Business

Job Spotlight: Jonathan Hudson, farmer and owner/manager of Fat Boy's Farmer's Market

To say that Jonathan Hudson is bucking a trend might be an understatement. He's a country farmer in an agricultural world that is steadily becoming automated and doing more with fewer workers.

The U.S. Bureau of Labor Statistics reinforces that plight, with it indicating there are roughly 930,600 farmers, ranchers and agricultural managers in the U.S. The kicker: The outlook for the next decade is nearly 20 percent of those people, or nearly 180,000, won't be needed.

But Hudson, 26, has a love for the profession, being raised on the family farm in Meriwether County. Hudson Farms, also known as Hudson Orchard, dates to 1838, he says, although it is the generation of his father, Charles, that took the business to the next level about 15 or so years ago.

Hudson Farms grows a host of vegetables and fruits on about 450 acres, supplying restaurants and grocery stores in the surrounding area and beyond.On Aug. 1, the younger Hudson acquired Fat Boy's Farmer's Market on Veterans Parkway, near the intersection of Manchester Expressway.
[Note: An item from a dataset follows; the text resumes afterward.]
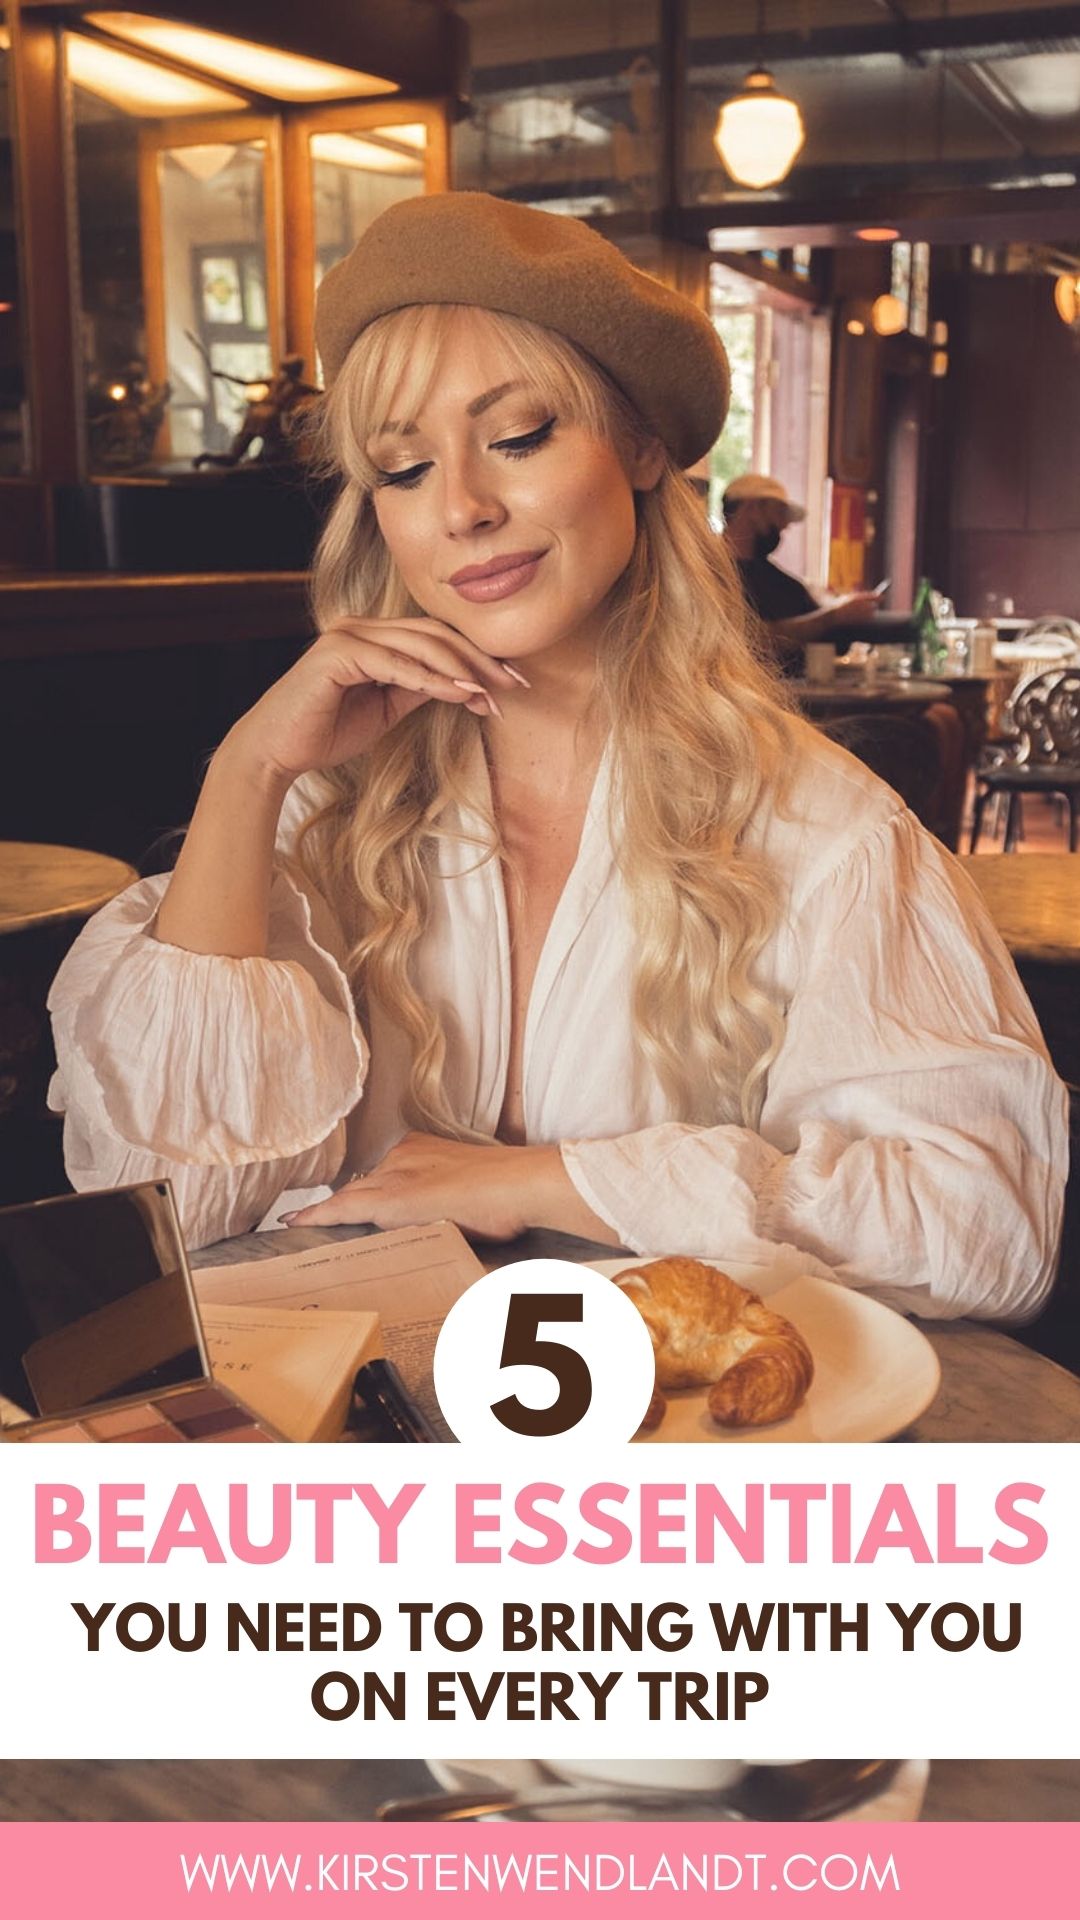 We all know beauty products can really weigh a suitcase down, and I've had to learn what's the best of the best in packable products to get me through trips from as short as a weekend away to month long expeditions. I wanted to put together this guide to share with you my top travel beauty essentials in hopes that I can help streamline your travel packing routine too. Plus read on to find out where you can get all your skincare and makeup with free shipping in Canada.

The market had been owned since 2009 by local businessman and concert promoter Mike Blackwell before closing its doors.

Hudson, who awakens at 3 a.m. each day to truck produce to the Atlanta Farmers Market, returning to his farm and then to Columbus by 9 a.m., says he has plans to expand selection at Fat Boy's. He even hopes to open a butcher shop next summer.

The Ledger-Enquirer visited with him recently to discuss his job and life as a farmer, and what it takes to bring food from the field to the dinner table. This interview has been edited a bit for length and clarity.
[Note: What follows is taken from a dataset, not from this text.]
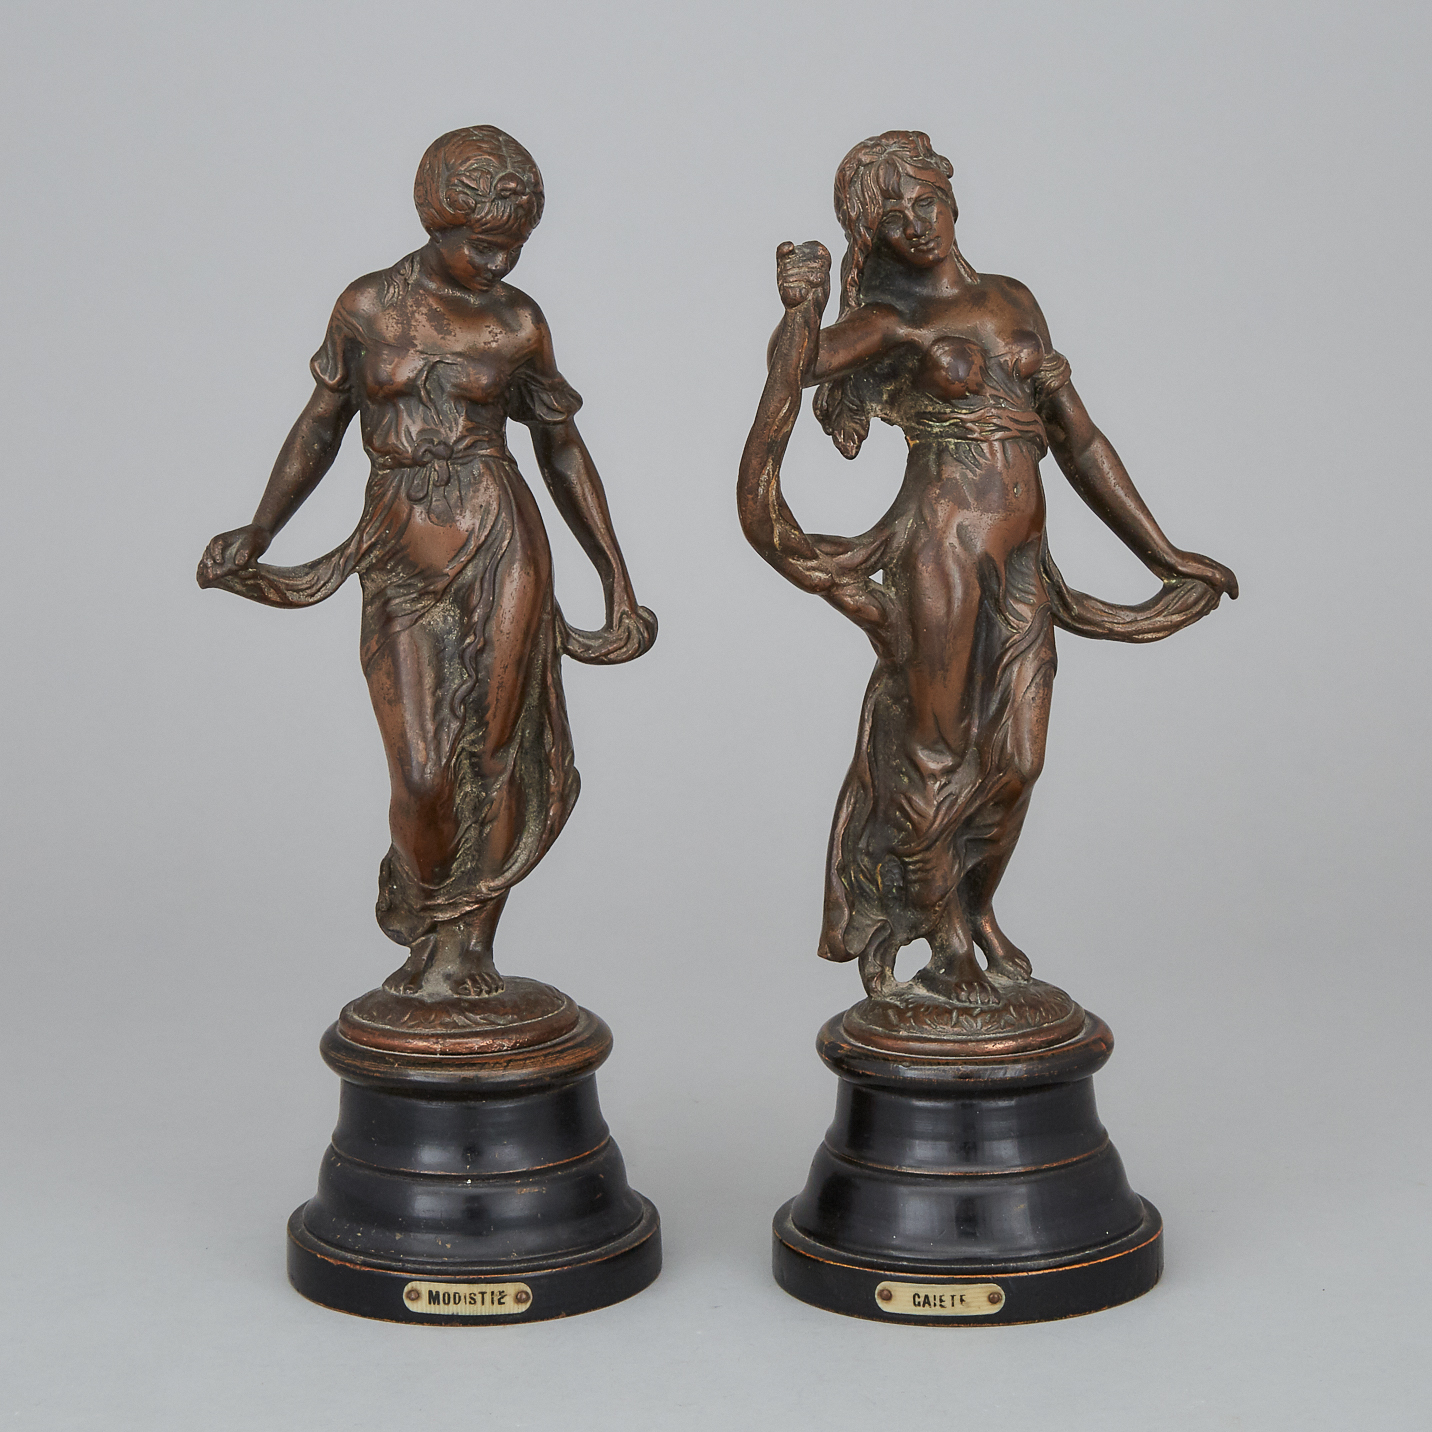 Pair of Victorian Allegorical Patinated Bronze Figures Titled 'Modiste' and 'Gaieté' 19th century

Tell us about your farm upbringing.

I grew up working on the farm. When we were still the age of first grade to vacation Bible school age, we had a 2½-acre garden at our house ... That's when I opened up my first fruit stand. It was on the end of a dead-end road. It had five people that lived on it, but we had all of this extra stuff, so I opened a fruit stand.
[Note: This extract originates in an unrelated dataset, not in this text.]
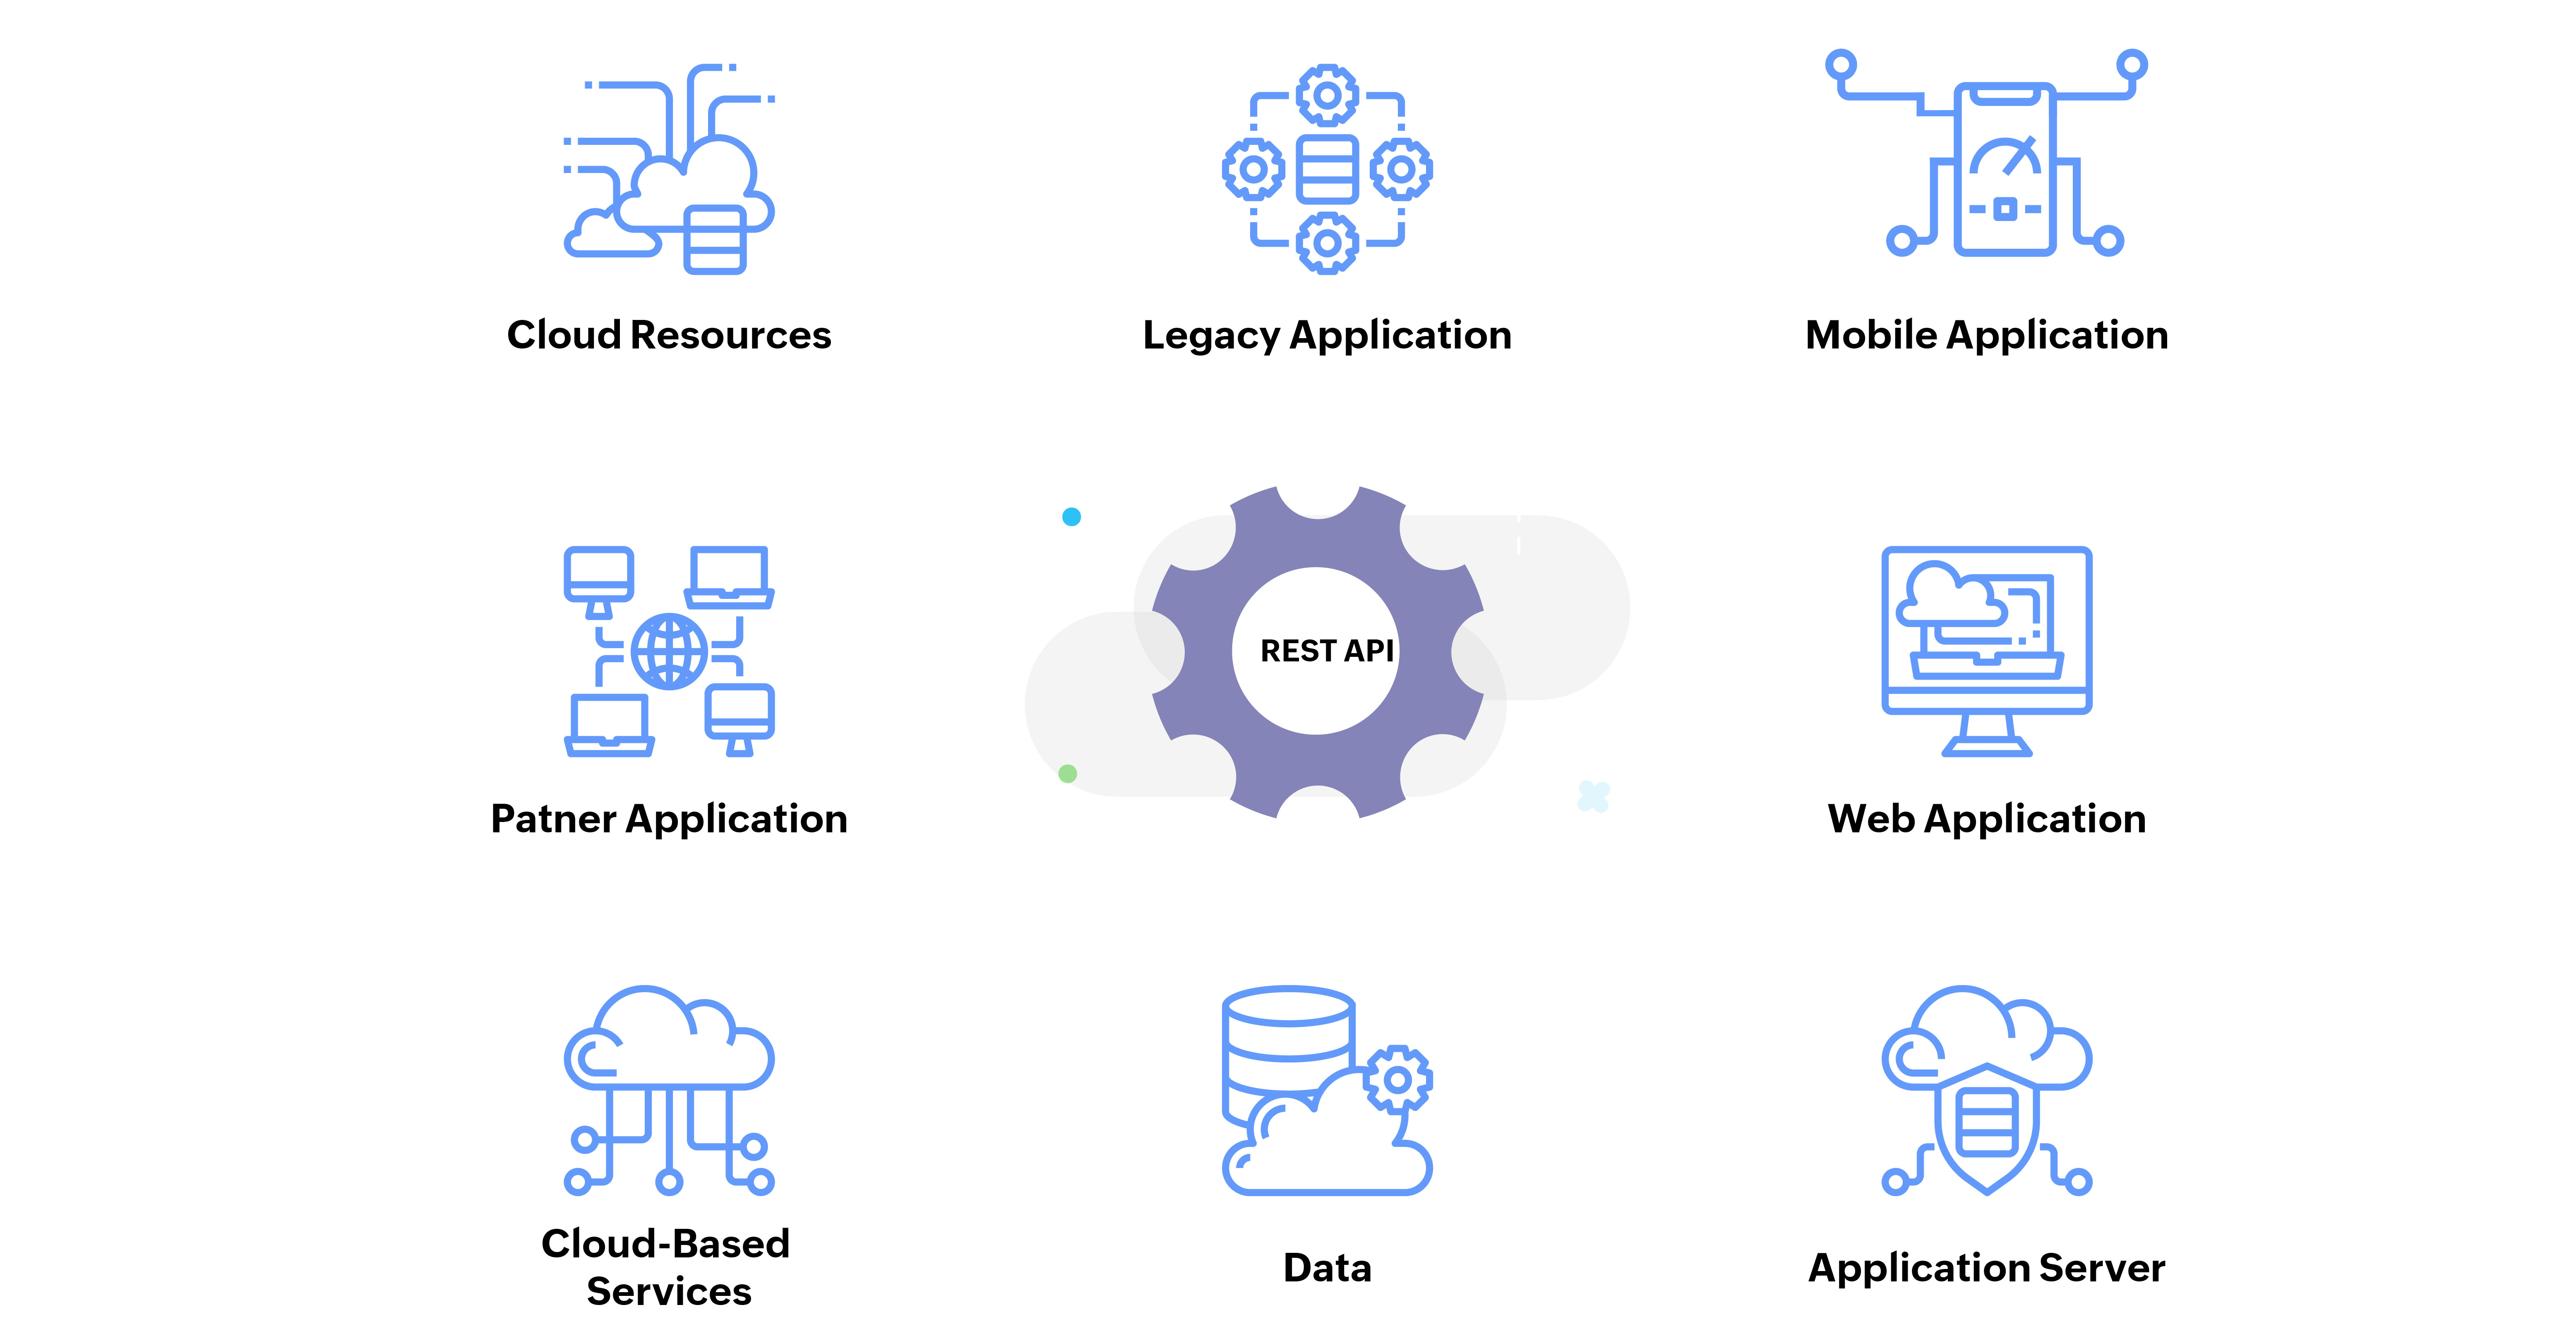 "an illustration showing the various ways to customise and deliver an application using APIs, including partner application, mobile application, web application, and legacy application"

When and how do you remember the farm's business growing, so to speak?

In 1998, we started growing a bunch of watermelons and corn. We always had cows. We raised about 200 head of cattle and about 150 calves every year.

In 2000, we went back to planting peach trees. We started out with our first 5,000 peach trees and now we've got 25,000 peach trees.

And we've always planted turnips, collards, watermelons, corn and stuff like that, as well as muscadines and scuppernongs. We do strawberries and figs. But we also grow vegetables, anything from squash to okra to zucchini to cucumbers to peppers and plums.

My dad used to raise catfish and grow wheat, barley, hogs. Just about anything that grows in Georgia, we grow.

About the year 2000 is when we started doing a lot more diversified farming. My dad had a feed store back then and a fertilizer business.

Is there anything you don't grow?

We don't grow everything for commercial applications. We grow a lot of stuff just because we want to, like blueberries. We don't package them up and ship them anywhere. I've got them for sale here when they're in season.

The things we grow commercially is mostly tomatoes and peaches. I'll grow 200 bins of watermelons or so in one little patch, and they'll get sold wholesale commercially, but we don't have any special packing equipment for that.

You supply restaurants and other outlets?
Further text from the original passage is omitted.